Pour ralentir le trafic de cocaïne dont la Colombie est le premier producteur mondial, le gouvernement tente à nouveau le pari de l'arrachage.
A Argelia, municipalité du canyon du Micay dans le sud-ouest du pays, la famille d'Alirio Caicedo et de son fils Nicolas est l'une des 3.900 convaincues par l'offre gouvernementale.
Chacune recevra 12 versements, le premier anticipé de 300 dollars pour l'arrachage, et les autres pour le nécessaire à la transition vers des cultures légales, comme le café ou le cacao.
Nicolas, 44 ans, et son père Alirio, 77 ans, arrachent à la pelle près de deux hectares de cocaiers, l'ingrédient principal de la cocaïne, plantés sur leur propriété.
"C'est difficile", confessent-ils à l'AFP. "Quand on plante un arbuste (de coca), on a l'espoir" d'"une récolte et de revenus", explique Nicolas. Désormais, "l'arracher signifie (...) qu'il n'y aura pas de récolte dans le futur, autrement dit, pas d'argent", ajoute-t-il.

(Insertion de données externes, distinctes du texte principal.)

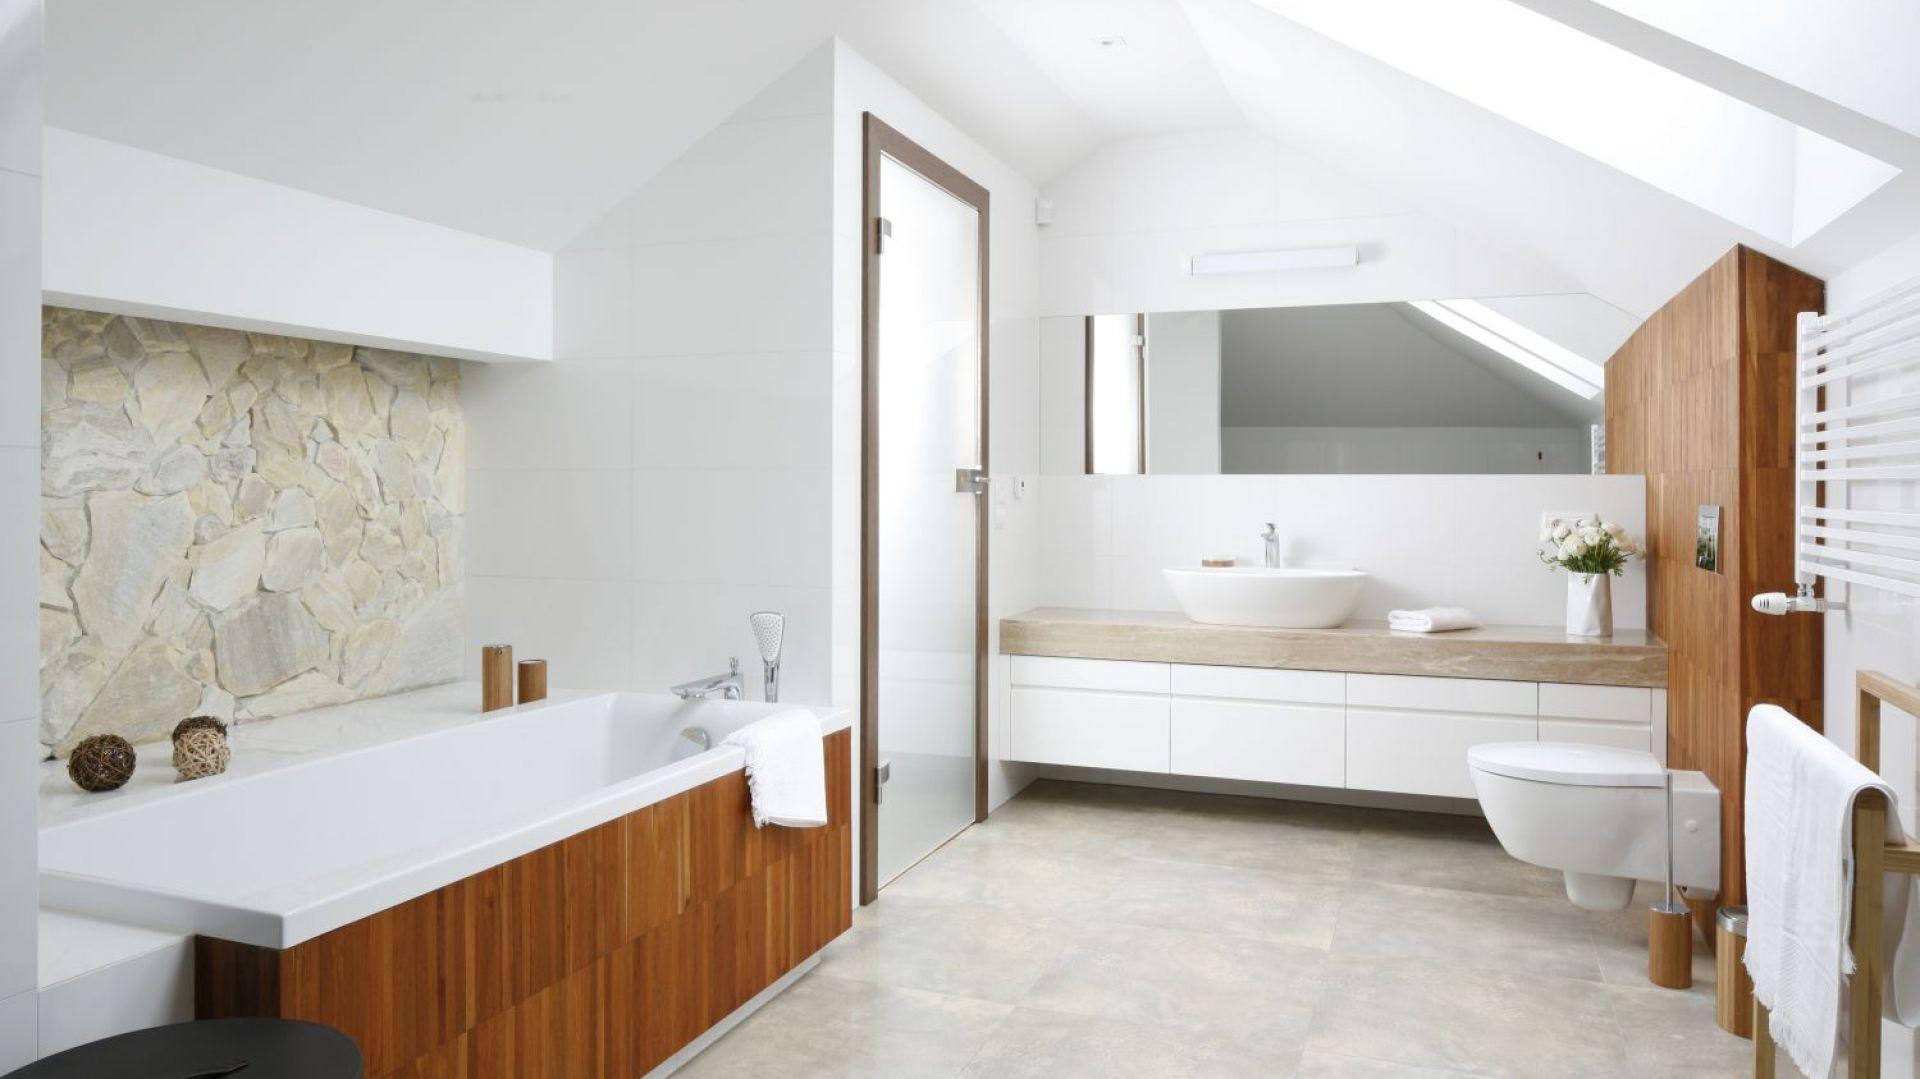 Przytulna łazienka w kolorach drewna. Proj. Piotr Stanisz. Fot. Bartosz Jarosz
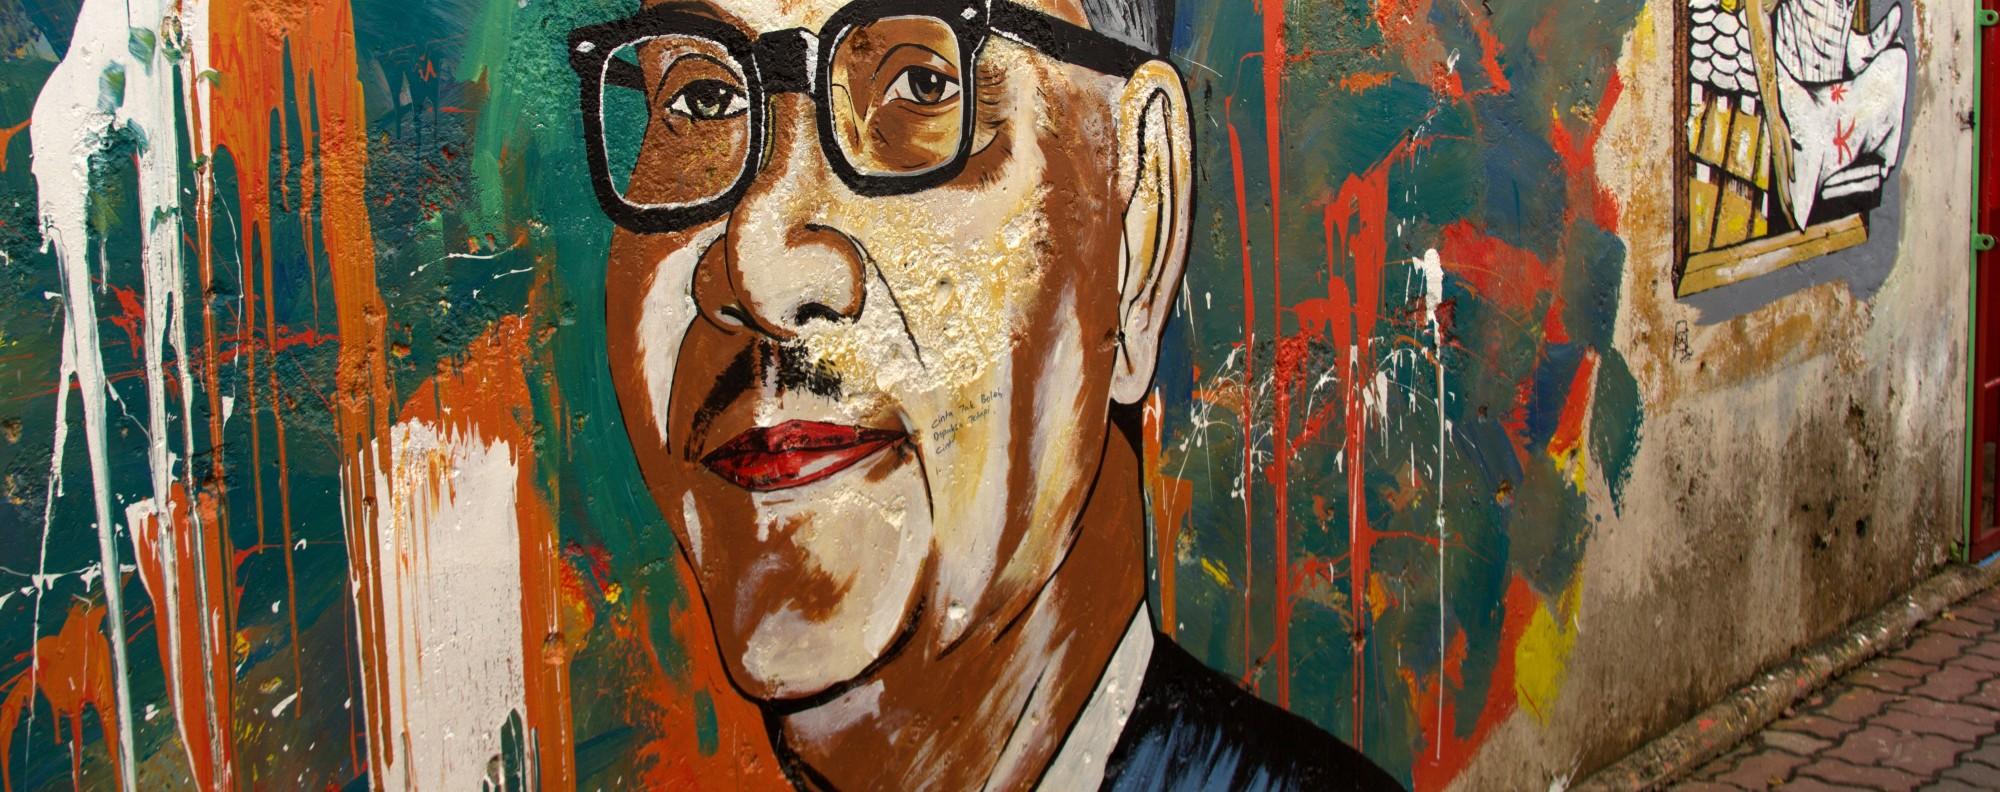 A mural of Tunku Abdul Rahman in Malaysia. File photo

La cheffe de la Direction de substitution des cultures d'usage illégal, Gloria Miranda, a assuré à l'AFP que le programme visait à éliminer au moins 45.000 hectares dans trois des zones les plus conflictuelles du pays afin de "réduire l'offre" pour les narcotrafiquants.
En 2023, la Colombie comptait 253.000 hectares de cultures illicites de feuilles de coca, selon le dernier rapport de l'ONU.
Le gouvernement a prévu d'allouer 14,4 millions de dollars pour cette initiative, annoncée en mars. Une somme qui peut varier en fonction du nombre de participants.
- "Virage" -
Ce plan est mis en oeuvre alors que la Colombie attend que l'administration Trump renouvelle en septembre sa certification de pays allié dans la lutte contre le narcotrafic.
Le président colombien de gauche Gustavo Petro est arrivé au pouvoir en 2022 avec l'espoir de changer l'approche guerrière de la lutte contre le narcotrafic et les groupes armés du pays qui se financent avec celui-ci. Il a depuis lancé des pourparlers de paix tous azimuts.
Mais les négociations sont rompues avec la plupart d'entre eux qui ont profité des périodes de cessez-le-feu pour accroître leur emprise sur les territoires. L'armée a intensifié ses offensives. M. Petro, jusqu'alors fervent opposant, dit même envisager l'utilisation d'herbicides contre les cultures de coca.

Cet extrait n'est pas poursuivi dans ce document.